= Thermal infrared spectroscopy =

Measurement of thermal radiation emitted from materials

Thermal infrared spectroscopy (TIR spectroscopy) is the subset of infrared spectroscopy that deals with radiation emitted in the infrared part of the electromagnetic spectrum. The emitted infrared radiation, though similar to blackbody radiation, is different in that the radiation is banded at characteristic vibrations in the material. The method measures the thermal infrared radiation emitted (as opposed to being transmitted or reflected) from a volume or surface. This method is commonly used to identify the composition of surface by analyzing its spectrum and comparing it to previously measured materials. It is particularly suited to airborne and spaceborne applications.
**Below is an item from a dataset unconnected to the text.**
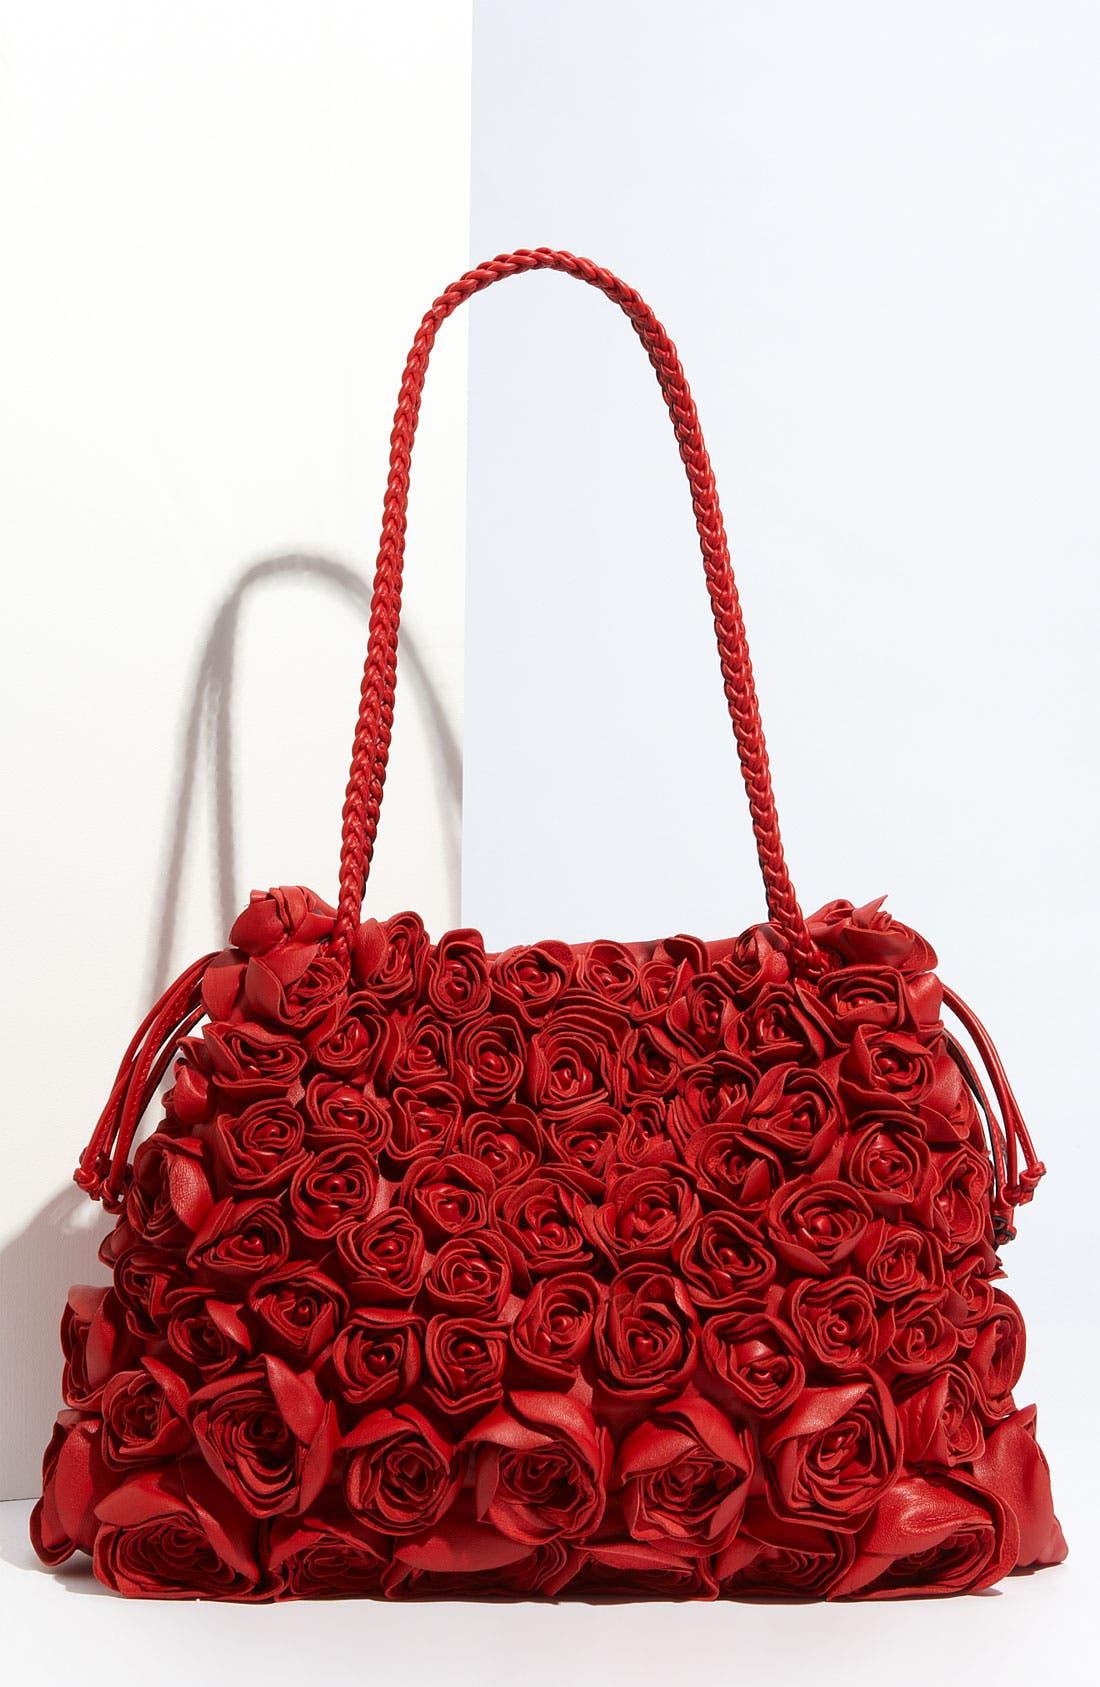 Main Image - Valentino 'Nappa Rose' Leather Tote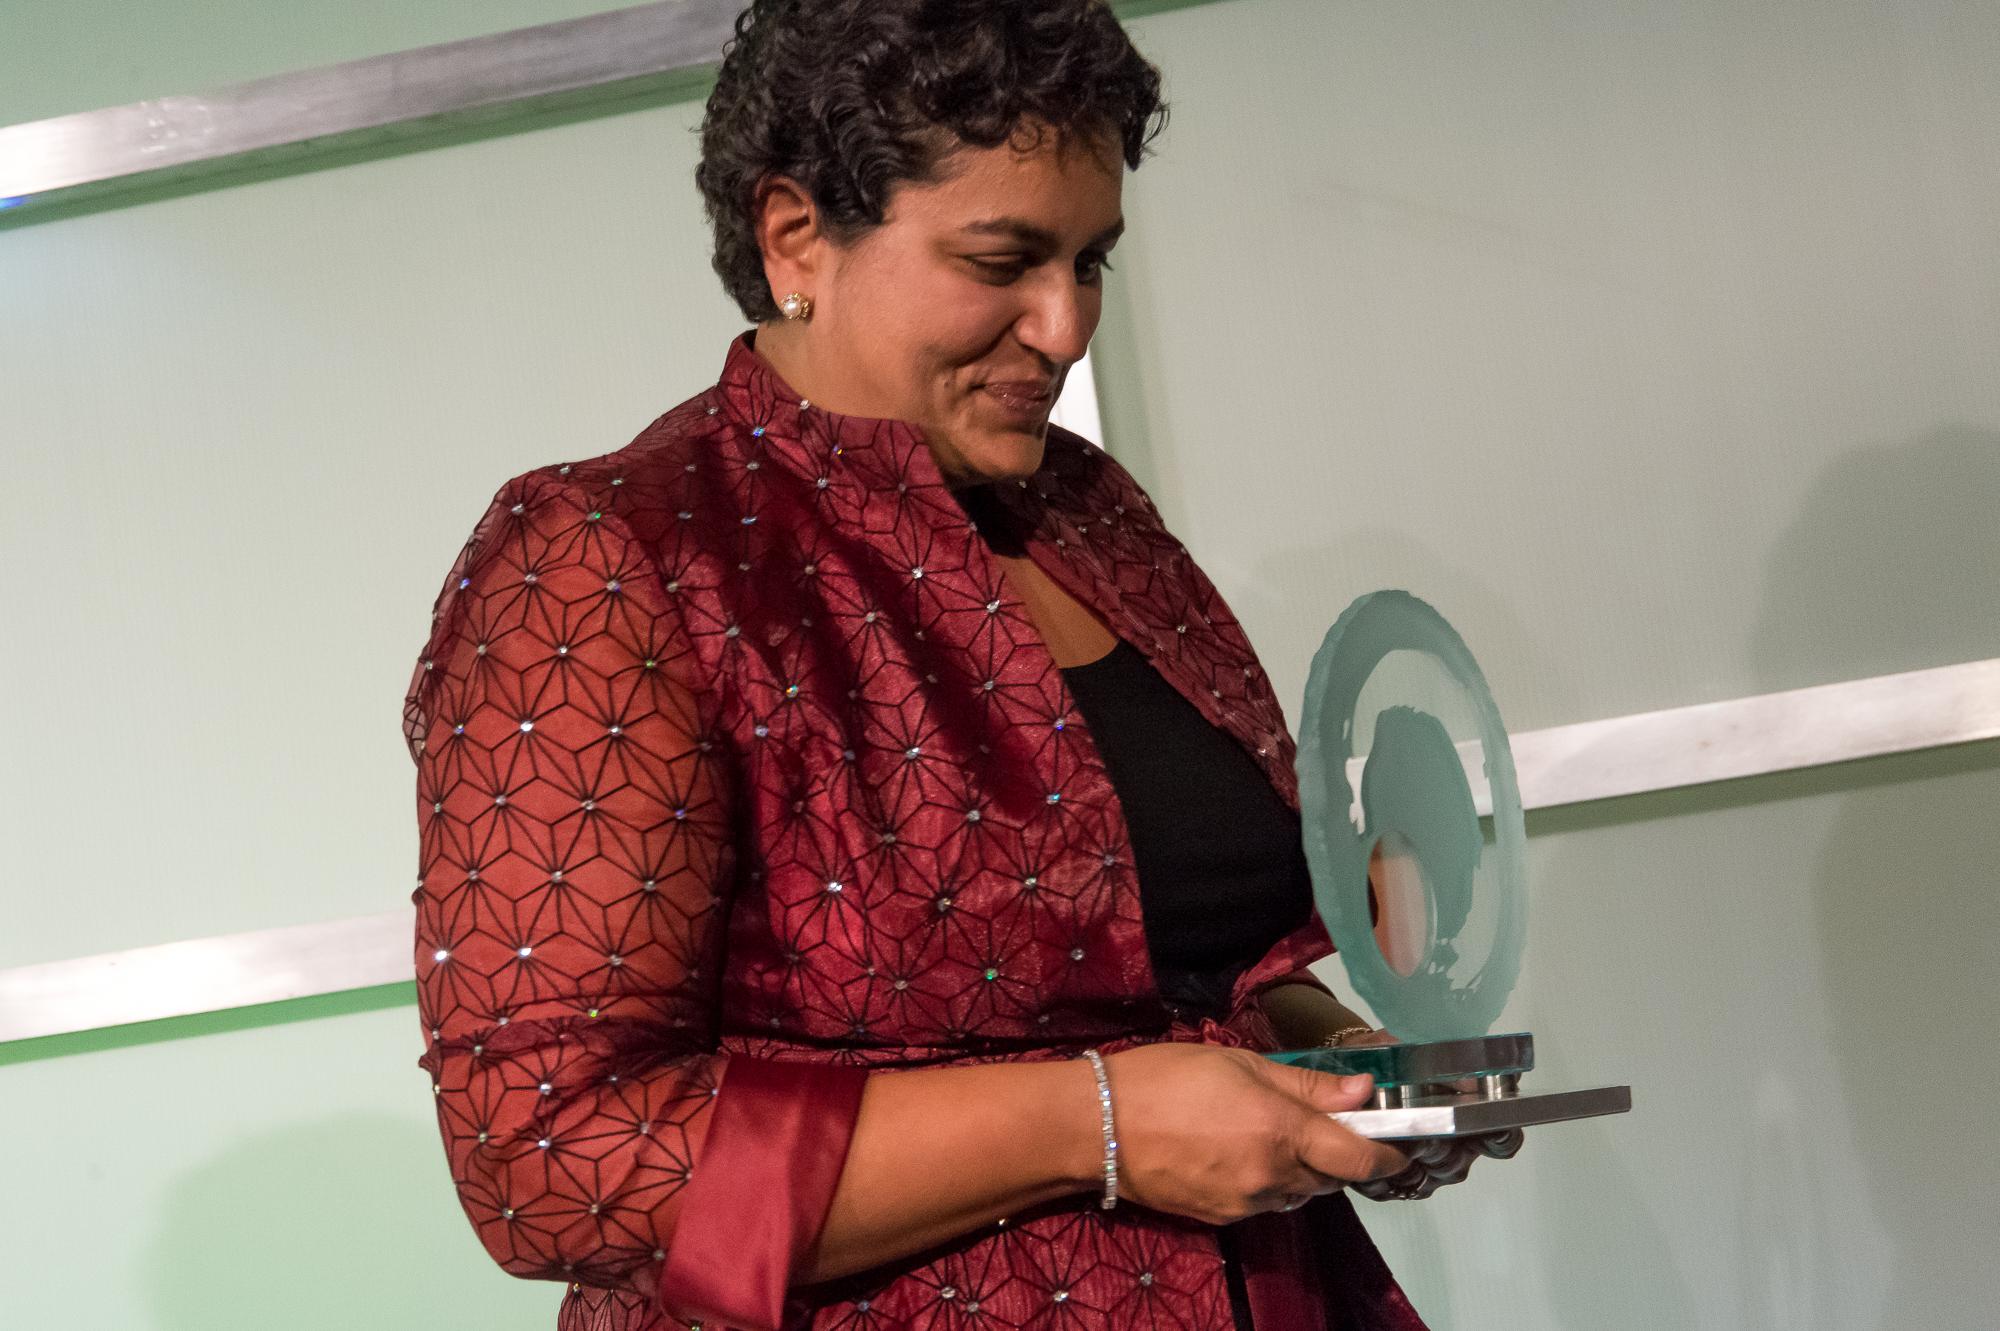 2013 Dr. Rogers Prize Winner Dr. Sunita Vohra

==Thermal infrared spectrometers==

===Airborne===
- HyTES: the Hyperspectral Thermal Emission Spectrometer operated by JPL and flown on a Twin Otter or ER2 aircraft
- TIMS: the Thermal Infrared Multispectral Scanner, a multispectral radiometer flown on C-130, ER-2, and the Stennis Learjet aircraft.
- SEBASS: a hyperspectral sensor developed and operated by The Aerospace Corporation.
- Hyper-Cam: a hyperspectral thermal infrared camera developed by Telops.
- OWL: a hyperspectral thermal infrared camera developed by Specim.

===Spaceborne===
- ISM: An imaging spectrometer on board the Soviet Phobos 2 spacecraft.
- ASTER: a multispectral radiometer on board the Earth-observing Terra satellite.
- TIS: A spectrometer is on board the Mangalyan spacecraft.
- TES: A hyperspectral spectrometer on board the Mars Global Surveyor spacecraft.
- Mini-TES: a small version of the TES instrument carried on both Mars Exploration Rovers.
- THEMIS: a multispectral thermal infrared imager on board the 2001 Mars Odyssey spacecraft.